## Problem statement
Write out the whole listing below exactly, skipping each picture.

## Material provided
*****
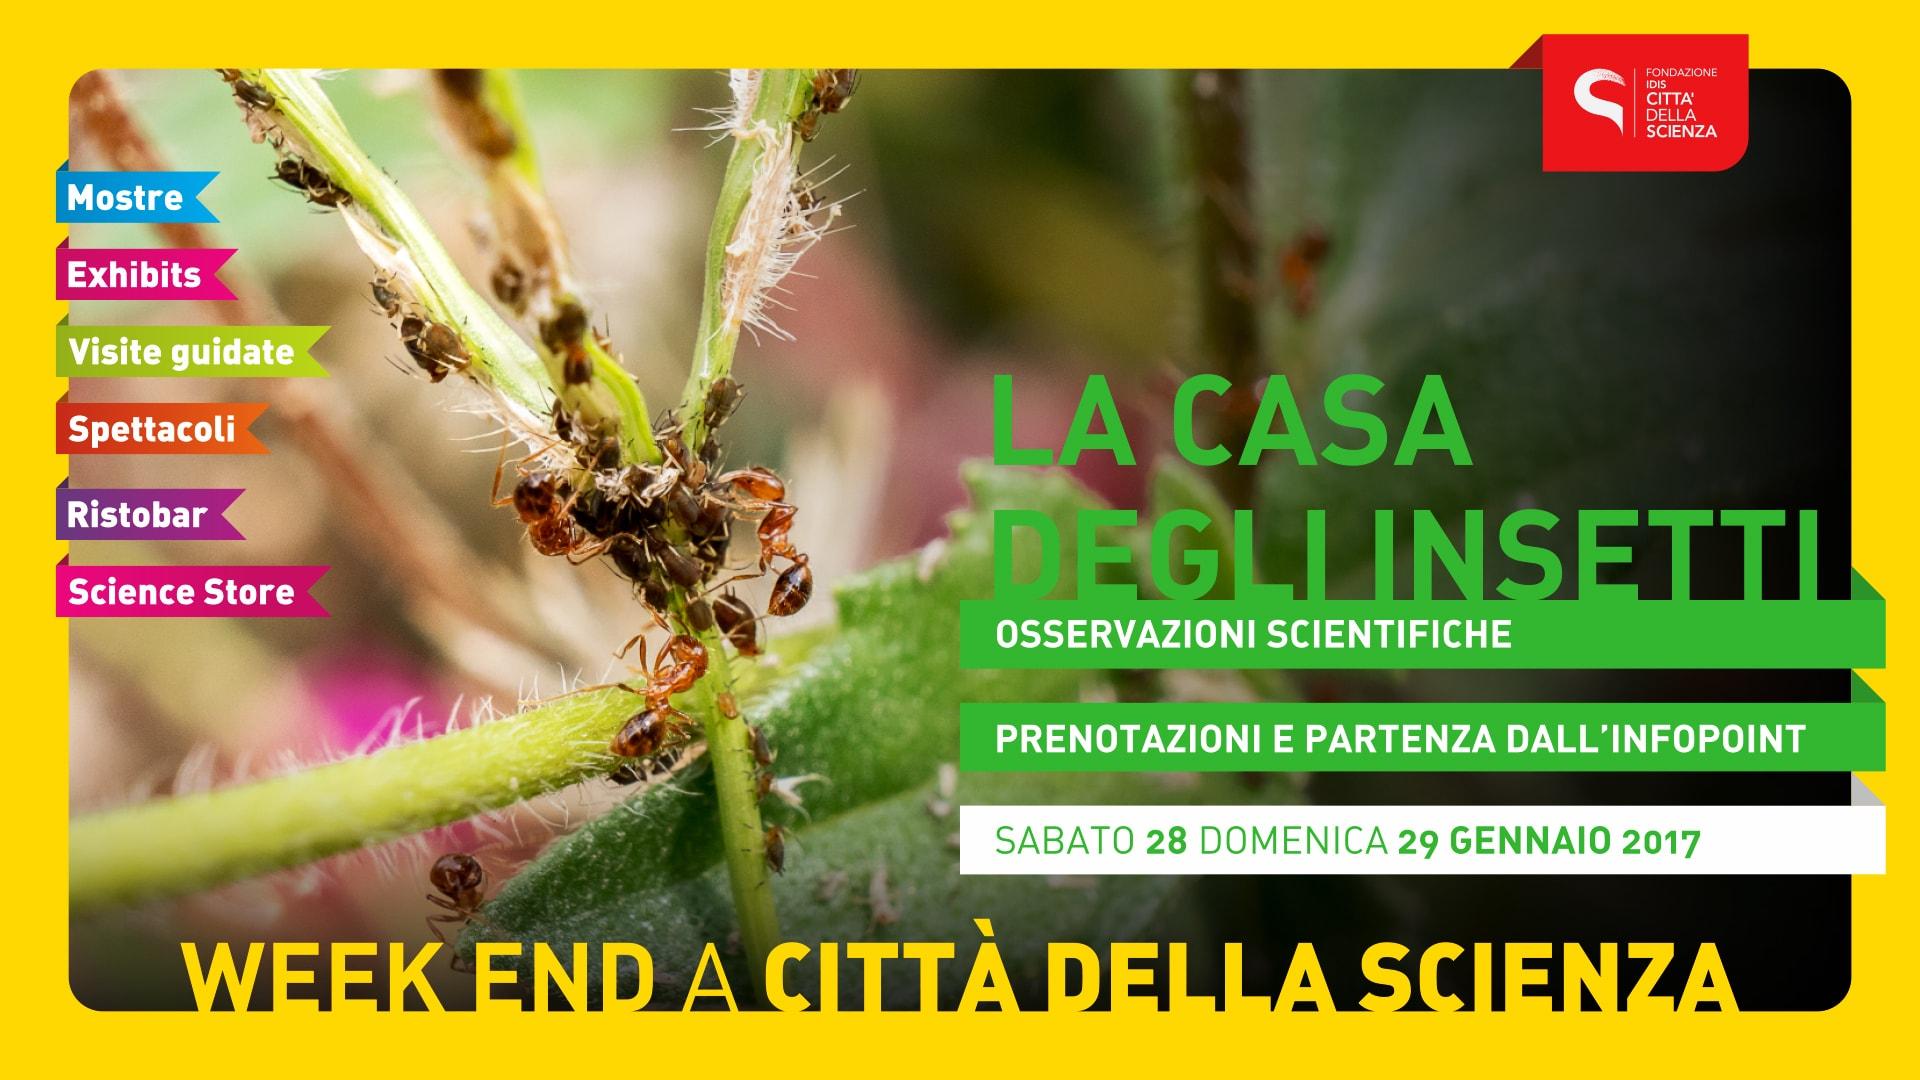 CASA_DEGLI_INSETTI_1920_x_1080-min
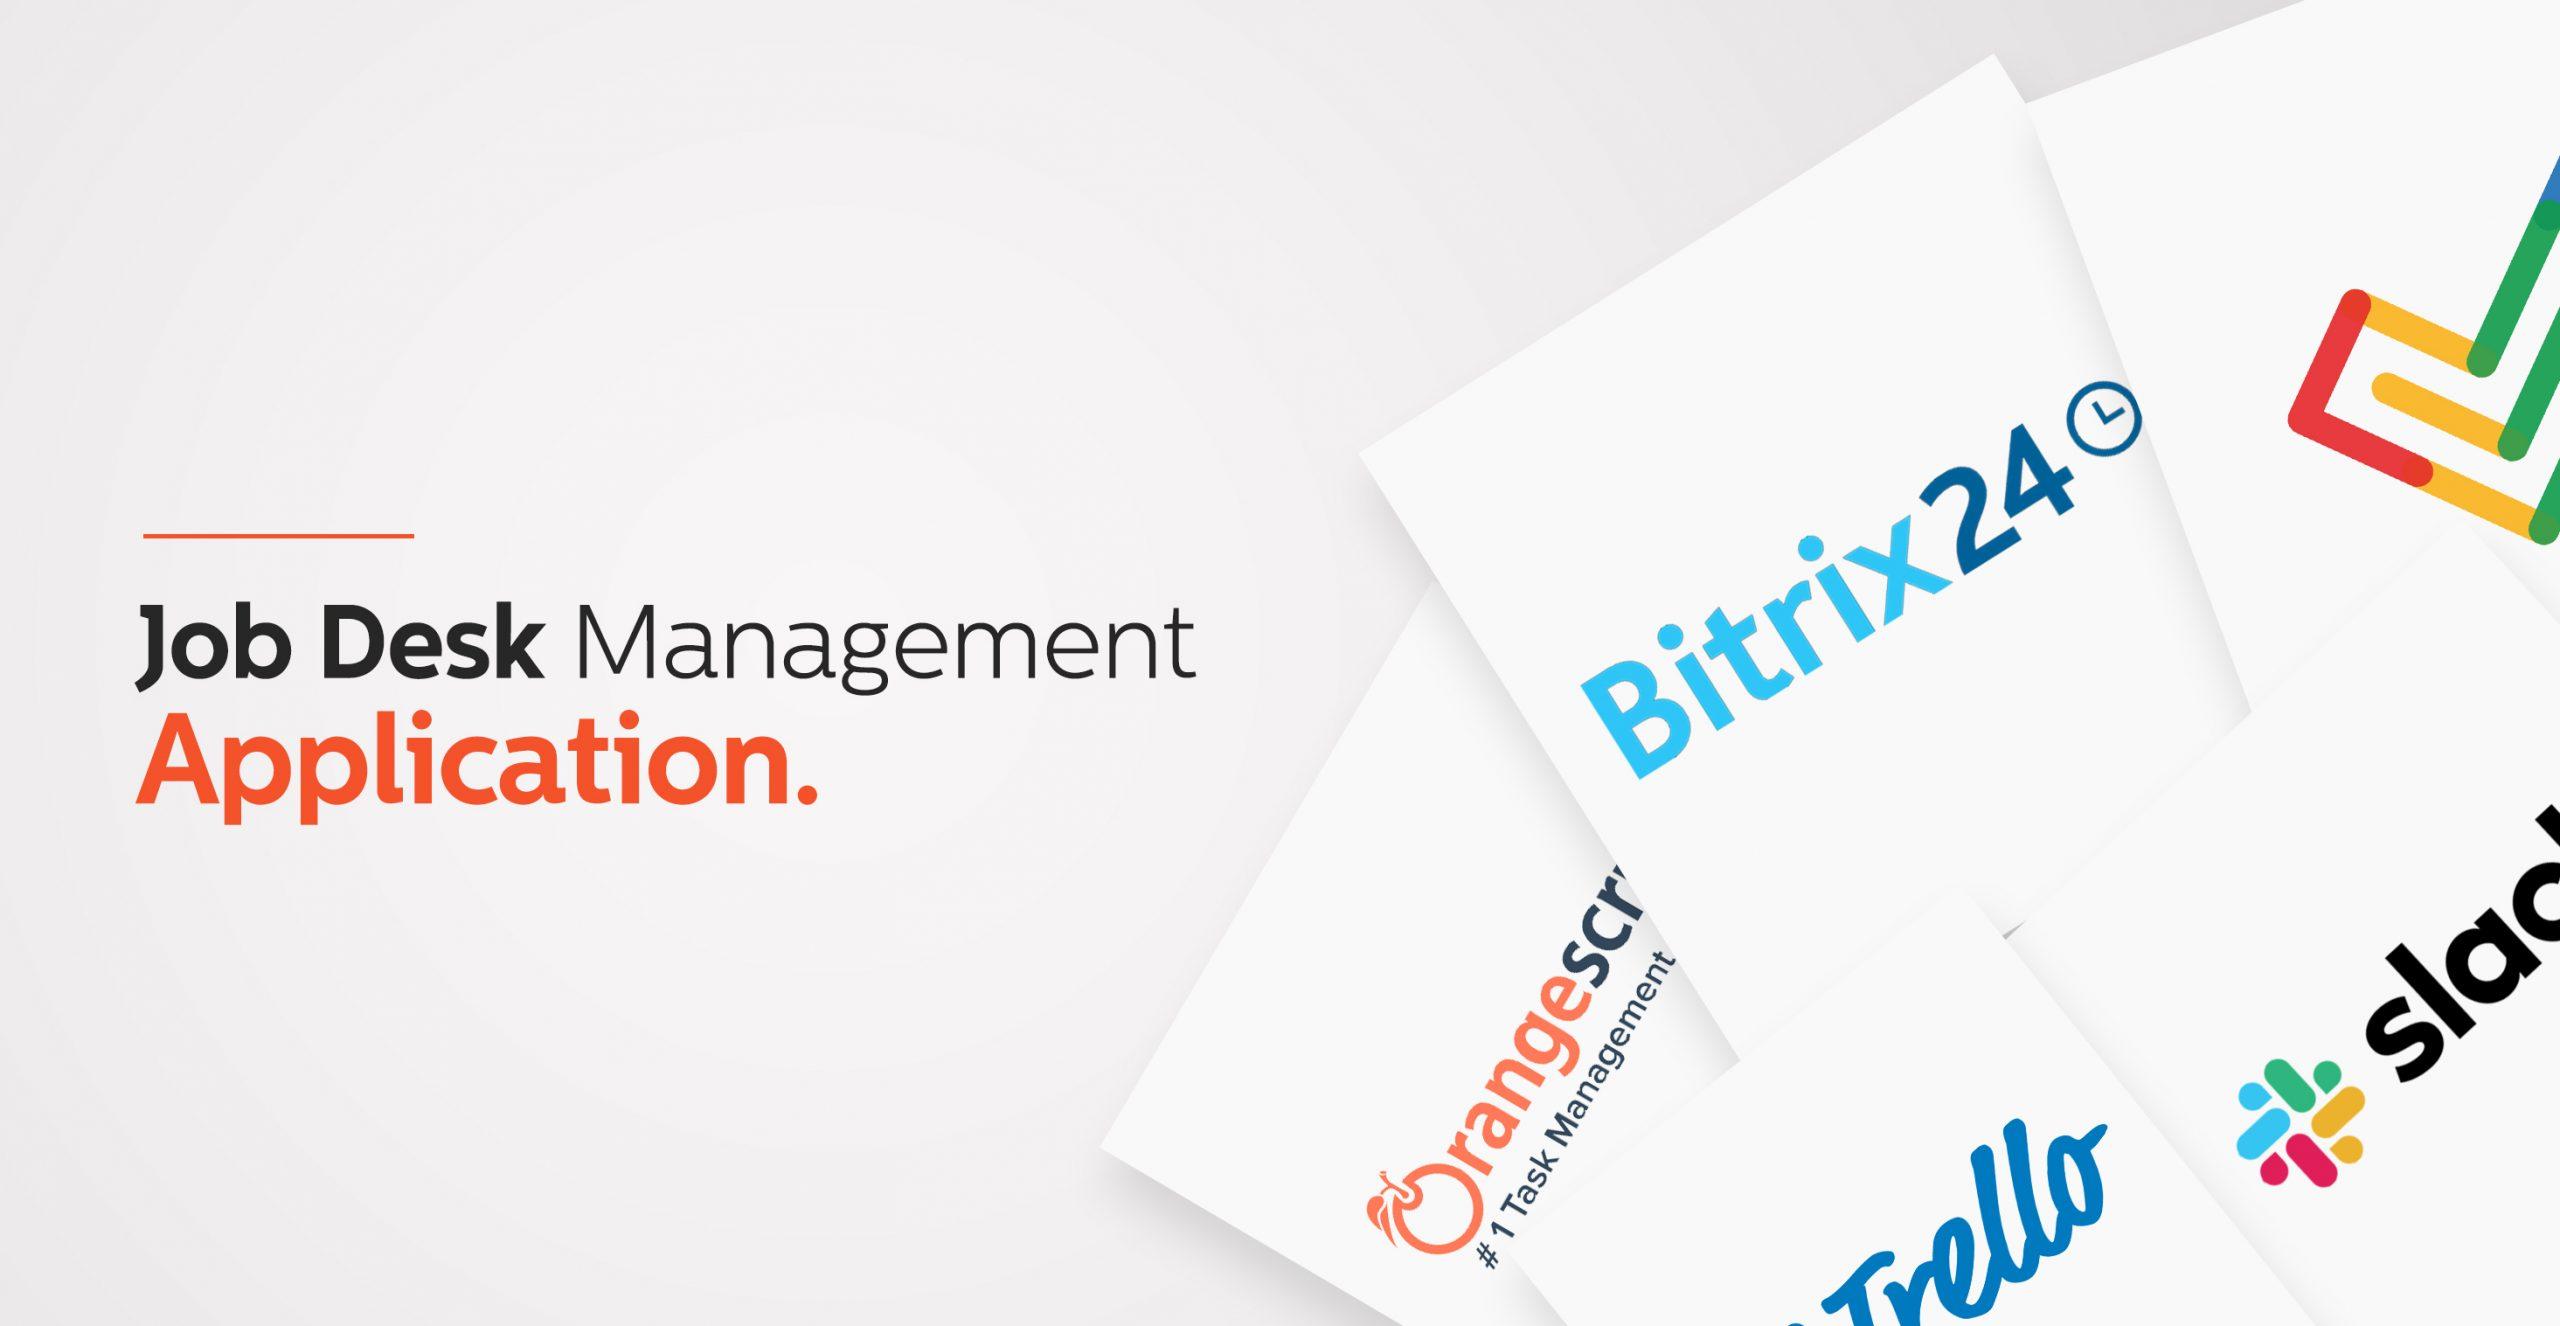 5 Aplikasi Manajemen Job Desk atau Project Management Tools Terbaik
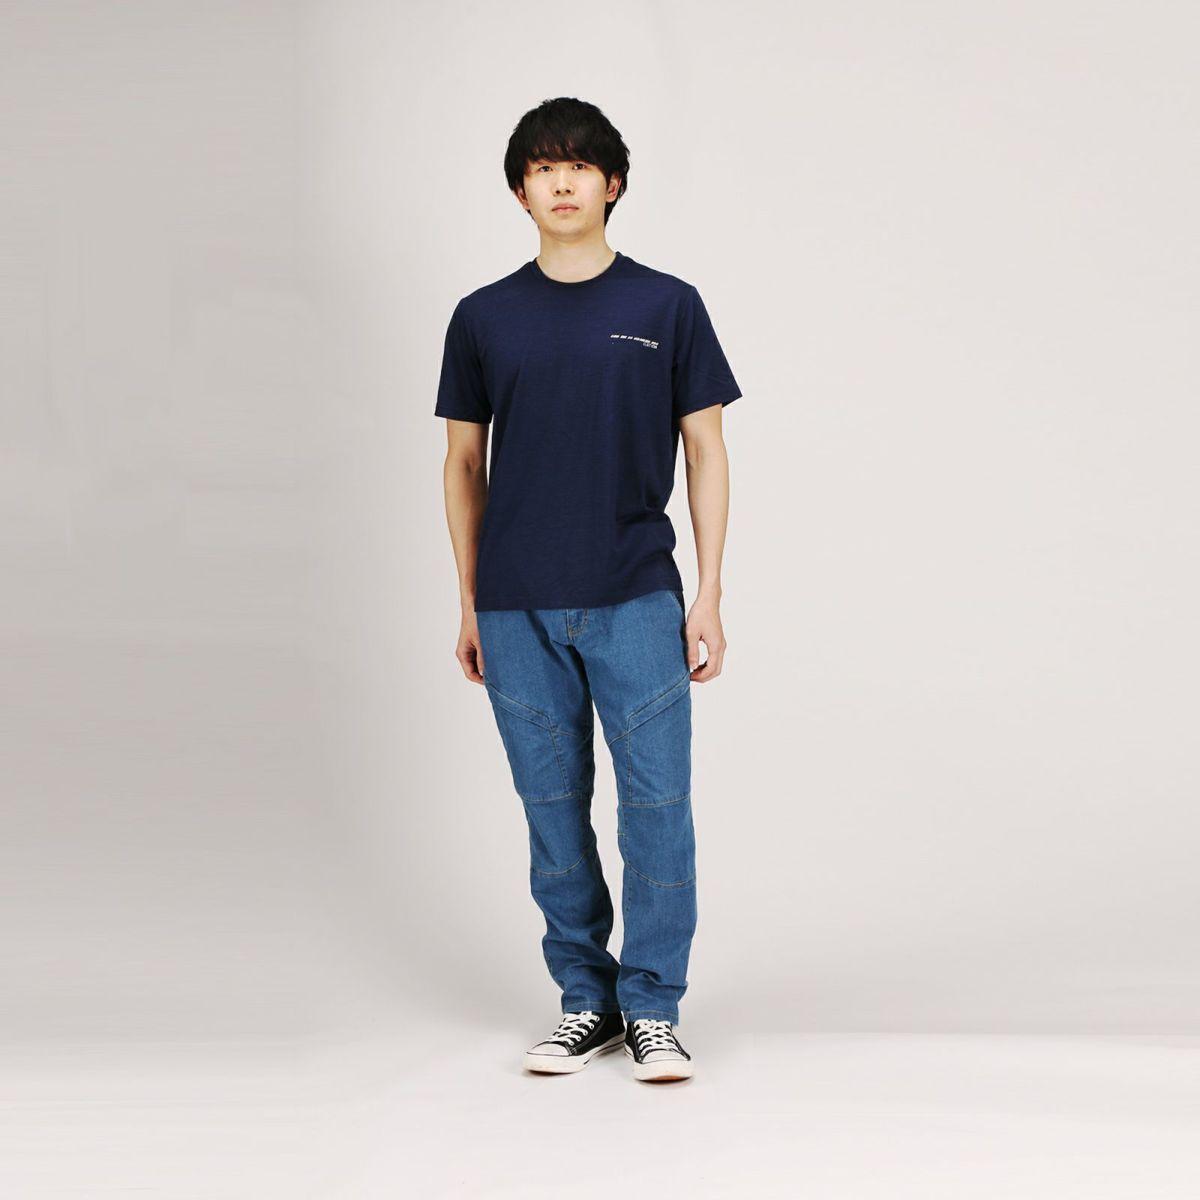 着用イメージ02 [男性モデルのサイズ]身長:168cm 着用サイズ:Lサイズ
*****
## Exercise solution
 CASA_DEGLI_INSETTI_1920_x_1080-min
 5 Aplikasi Manajemen Job Desk atau Project Management Tools Terbaik
 着用イメージ02 [男性モデルのサイズ]身長:168cm 着用サイズ:Lサイズ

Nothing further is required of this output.